А «толстолобик»   отплывала от шкапа со стеклянными дверцами,  бросала терпеливый взгляд  в его сторону и повторяла как патефон:  «Оклад по  ставке ученика. Восемьсот минус налоги. Чистыми шестьсот.. После испытательного присвоим разряд. Будешь получать тысячу. За опоздания  штраф. За пьянку – увольнение.  Трудовую заведем новую. Пиши заявление, слышишь?  Не спи-и!» И снова перекладывала папки.  Потом устало вздыхала, доставала маленькое зеркальце и, глядя в него, опять заводила шарманку.  Нет,  ее  нисколько не смущало появление в апартаментах испитого маргинала. Наоборот, в умиротворенной настойчивости, с которым она ускоряла процесс, чувствовалась  живейшая заинтересованность. И не эксплуататора и эксплуатируемого.. Нет! Отнюдь! Здесь было что-то от выкрика Маугли крокодилу – мы с тобой одной крови! Да-да! Вот этой, толстой, лощеной волшебницы и этого, последнего из людей!   И  по холке Длинного пробежал холодок.  Он  попросил бумагу, быстро написал свое заявление, потом придвинулся к человечку, и также  написал за него нужный текст. Потом взял его под руку и потащился, получив несколько напутствий от тетки, на тепловой.
Но им не обрадовались. Предвкушаемый Длинный удивленный восторг на лицах бригады, торчащей в дверях теплового, запаздывал. Лики друзей были мутны и загадочны. Мрачный, как туча, Толян смотрел на пару прибывших пустым взглядом голодной акулы.  Пашка задумчиво щурился. Космос застыл в дверях удивленно, треугольный свой клюв разведя. 
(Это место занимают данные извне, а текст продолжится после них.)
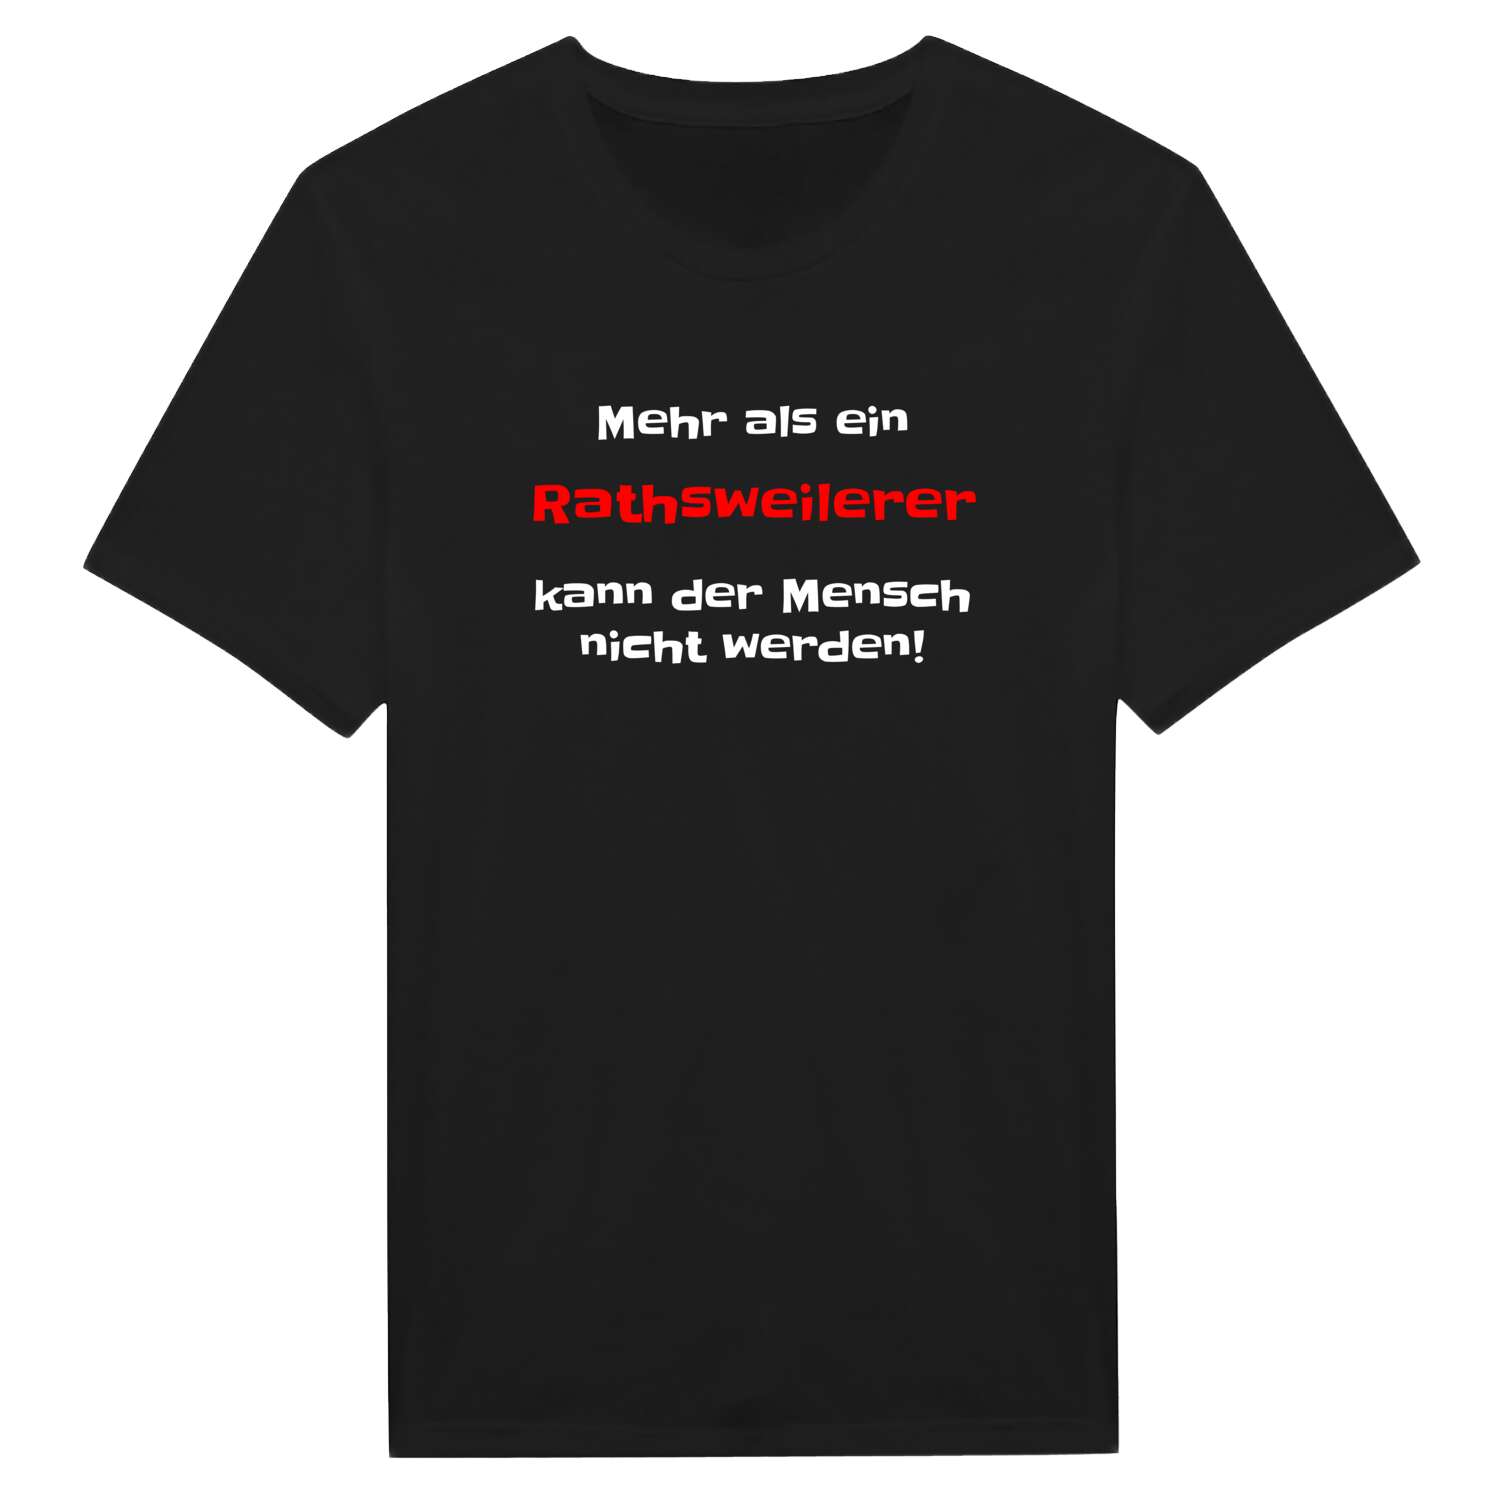 Rathsweiler T-Shirt »Mehr als ein«

-  Возвращение Будулая. – прокомментировал Пашка
- Цыган, я ж тебя предупреждал на глаза мне не показываться! – прорычал Толян, блестя недавно обритой, как у уголовника, лысиной,  - ну?
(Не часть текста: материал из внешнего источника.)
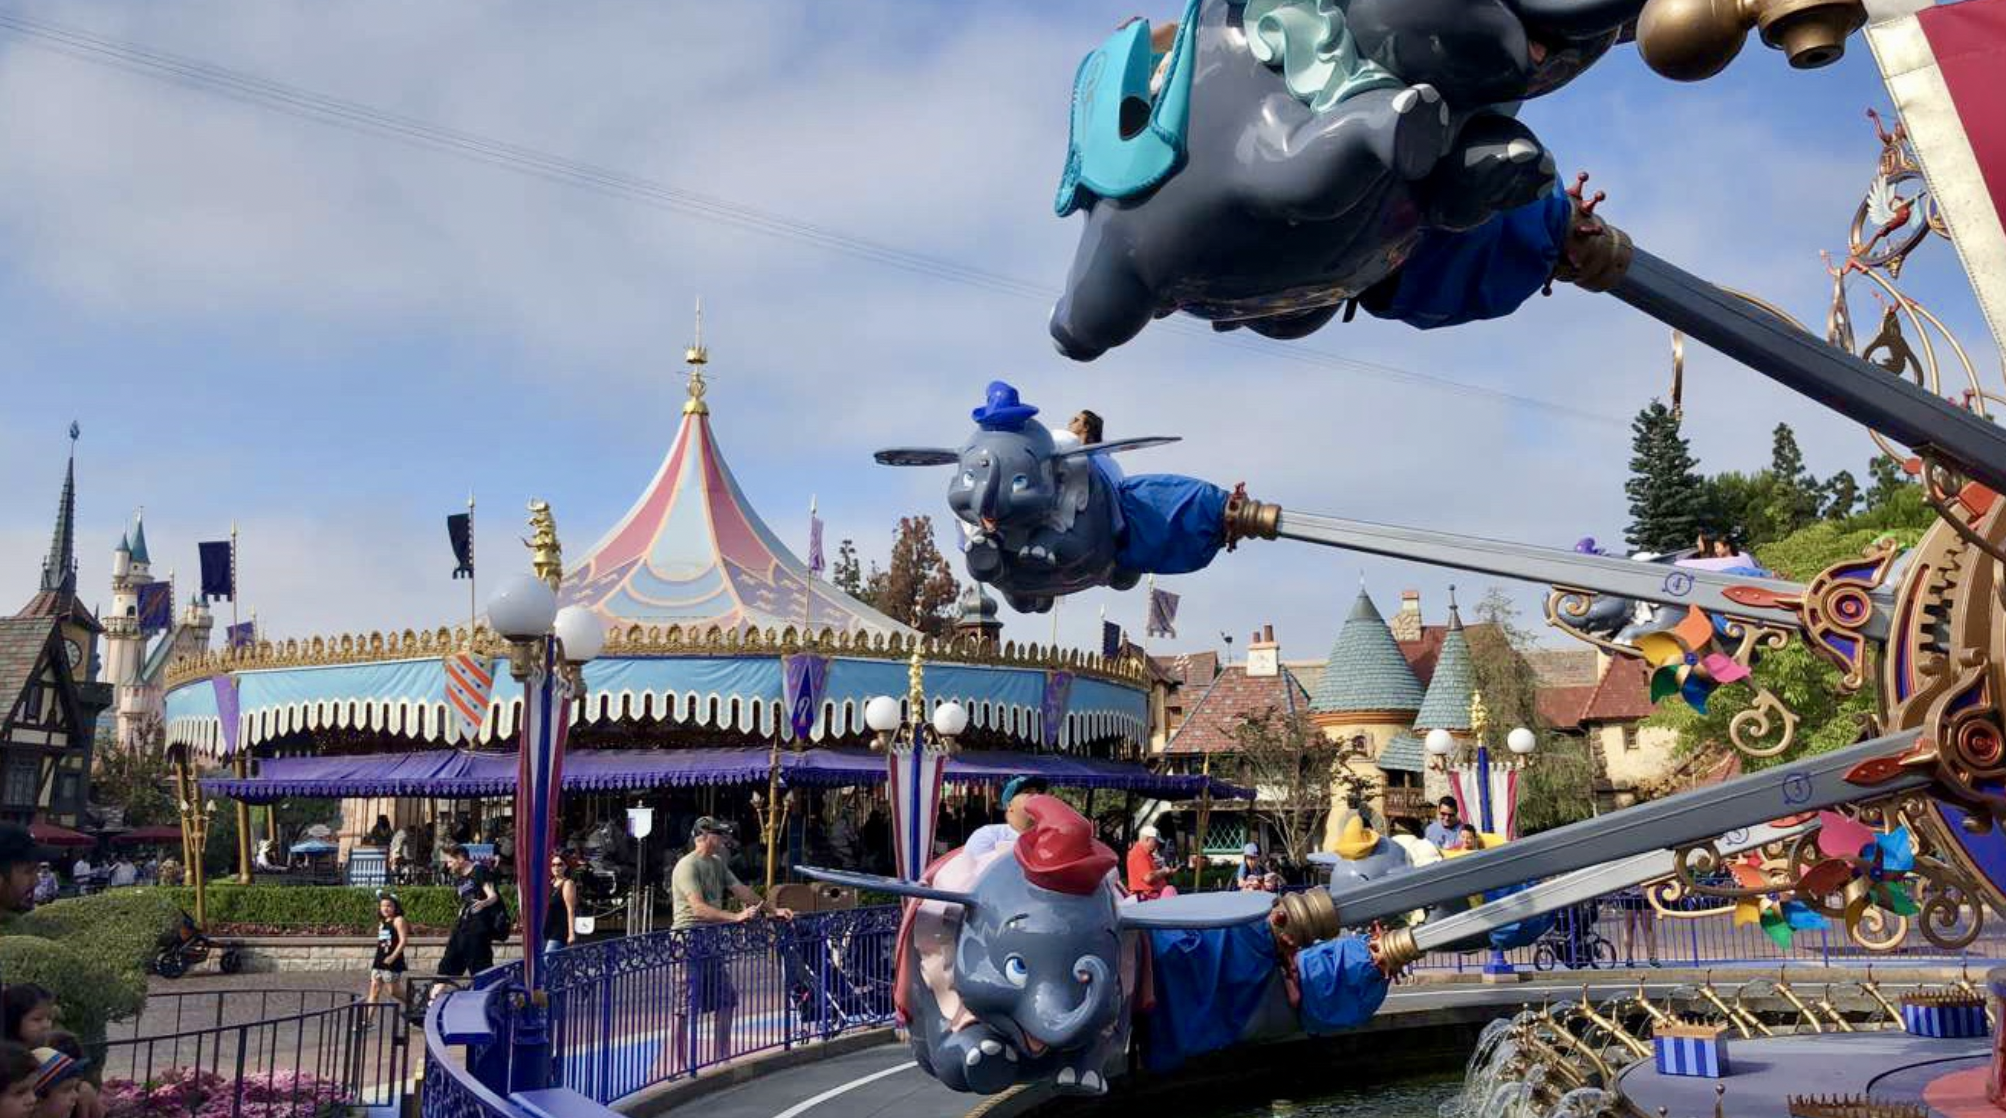 5 Theme Parks Cheaper Than Disney - NerdWallet

- Кхемх… - сказал бомж, и склонил голову на плечо, как собака.
- Н  кхе, а  команду вспомнили живо?  Ну-ка, нохаймаль: «да, мой фюрер».
Компот не среагировал. Толян угрожающе наклонил из дверей корпус – брови возмущенно взлетели вверх.
-  Цыган, ну-ка еще раз: «да, мой фюрер!»
Тут пришелец оживился, и кое-как отклонившись  назад, сделал нацистское движение от сердца вверх, только левой рукой.
 Толян   хлопнул кулаком в ладонь и нырнул в помещение.
Пашка   последовал за Толяном.
- Здоров, Компот. – пискнул, наконец,  Космос развернулся и  тоже ушел за всеми.
-  Не понял? – удивился Длинный и повернулся к бомжу, - ты из местных?
Бомж опять   зиганул, как заведенный. Длинный шагнул  на тепловой. Там, кое-как, атмосфера чуть разрядилась. «Будулая» послали за водкой. Он принес, поставил на стол, сам сел в угол с видом отсутствующим.  А Пашка объяснял практику наших бездомных: чтобы    найти подогрев на зимний сезон  - кто-то ломался, кто-то садился в тюрьму, а цЫган,   он же Компот, честно устраивался   в теплосети.  Но Длинный   откомментировал ситуацию по-своему:  Компот –  ветер пассат. Дует   раз в год, но дует устойчиво, бежит от холодного океана зимы на просторы теплых равнин. Да, он ветер вдвойне! Кароче! – о в восторге посмотрел на Бурого и Пашку, -  История то сработала! Вот вам пассат, Будулай, он же Компот!  А следом и что?
- Что
- А дальше – остров сокровищ! Он будет! Не, ну если по схеме?! А чего?
Длинный радовался как ребенок.
Бригада же угрюмо молчала и     кидалась в полусонного цЫгана, сразу усевшегося в углу на трубы, тяжелыми гайками.


Вот так! Компот для него ветром стал. С моей же подачи, однако!  – самодовольно отметил  Бурый.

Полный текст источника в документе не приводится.